Add ability to output Hive/Impala compatible timestamps #82

andrewgross · 2017-02-01T17:42:11Z

Hey,

I am doing some work with Amazon's Athena (Presto under the hood) system and using fastparquet to convert JSON files to parquet format. However, when I output datetime[ns] fields and read them in Athena, I get incorrect results:

Actual Dates:

"2016-08-08 23:08:22"
"2016-08-08 23:08:22"
"2016-08-08 23:08:22"
"2016-08-08 23:08:22"
"2016-08-08 23:08:22"
"2016-08-08 23:08:22"
"2016-08-08 23:08:23"
"2016-08-08 23:08:22"
"2016-08-08 23:08:22"
"2016-08-08 23:08:22"

Returned Dates:

"+48575-01-04 19:26:40.000"
"+48575-01-04 19:26:40.000"
"+48575-01-04 19:26:40.000"
"+48575-01-04 19:26:40.000"
"+48575-01-04 19:26:40.000"
"+48575-01-04 19:26:40.000"
"+48575-01-04 19:43:20.000"
"+48575-01-04 19:26:40.000"
"+48575-01-04 19:26:40.000"
"+48575-01-04 19:26:40.000"

This is because Hive (and Impala) use a different timestamp format (int96) than the Parquet default. Check out these posts for more details:

It would be helpful if it used the compatible TIMESTAMP format when writing with file_scheme='hive'.

The text was updated successfully, but these errors were encountered:

martindurant · 2017-02-03T17:36:17Z

An option to output dates in int96 is certainly doable, but I am surprised, as the parquet standard (https://github.com/Parquet/parquet-format/blob/master/LogicalTypes.md) makes clear that these are intervals of various accuracy, not timestamps.

Have you any idea how those values above relate to the input? Perhaps a snippet of code would help.

-edit-
I would guess it's simply a factor of 1000, do you need to specify that the dates units are ms or ns?

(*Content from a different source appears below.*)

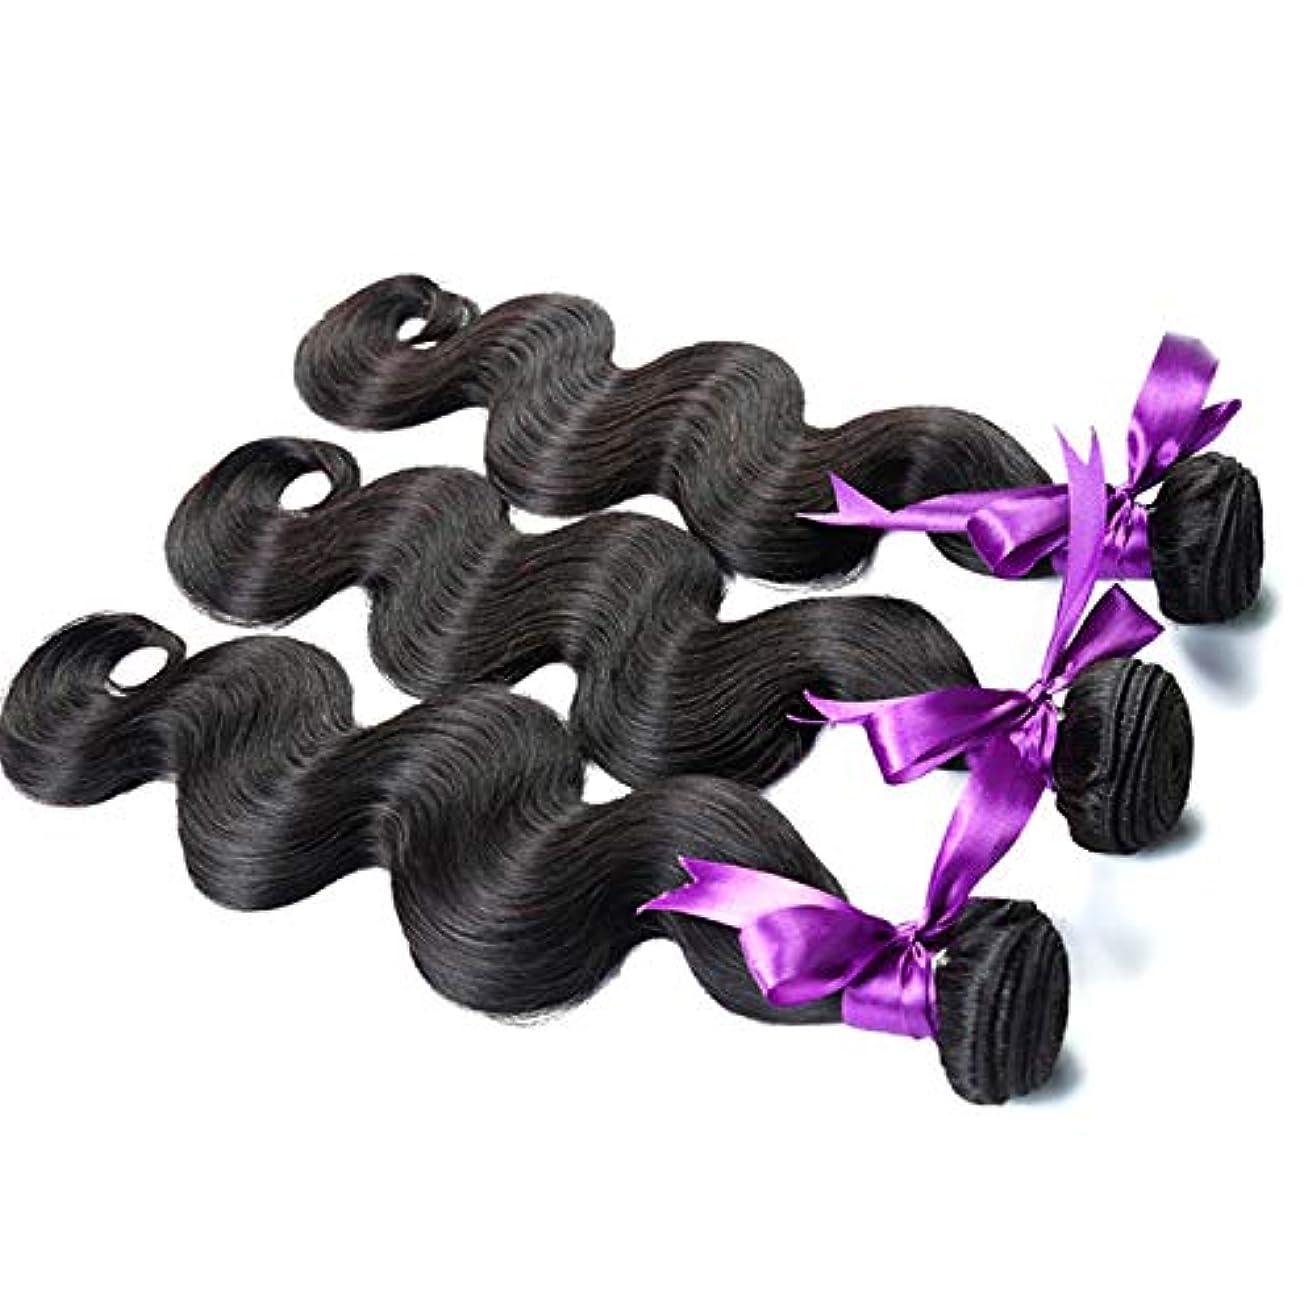 いろいろシングル絶滅させるかつら ヘアエクステンションヘア織り実体波ヘアバンドル8aグレード人間の髪織りナチュラルカラー非レミーヘアエクステンション12-28インチ3バンドル (Stretched Length : 18 20 20 inches)

martindurant · 2017-02-04T00:45:32Z

Could you please produce for me some parquet data from impala containing such a column, and the same data in another format (csv, whatever), so that I can do testing?

andrewgross · 2017-02-08T18:46:12Z

Hey, sorry for the delay in getting back to you, I will layout the data and the steps I used to produce it.

Source Data

Here is the JSON data I used as a source for these tests. Each line is one record, and a newline delineates a new record. There are two columns. id is a simple string based identifier, and date_added which is in the format YYYY-MM-DD HH:MM:SS.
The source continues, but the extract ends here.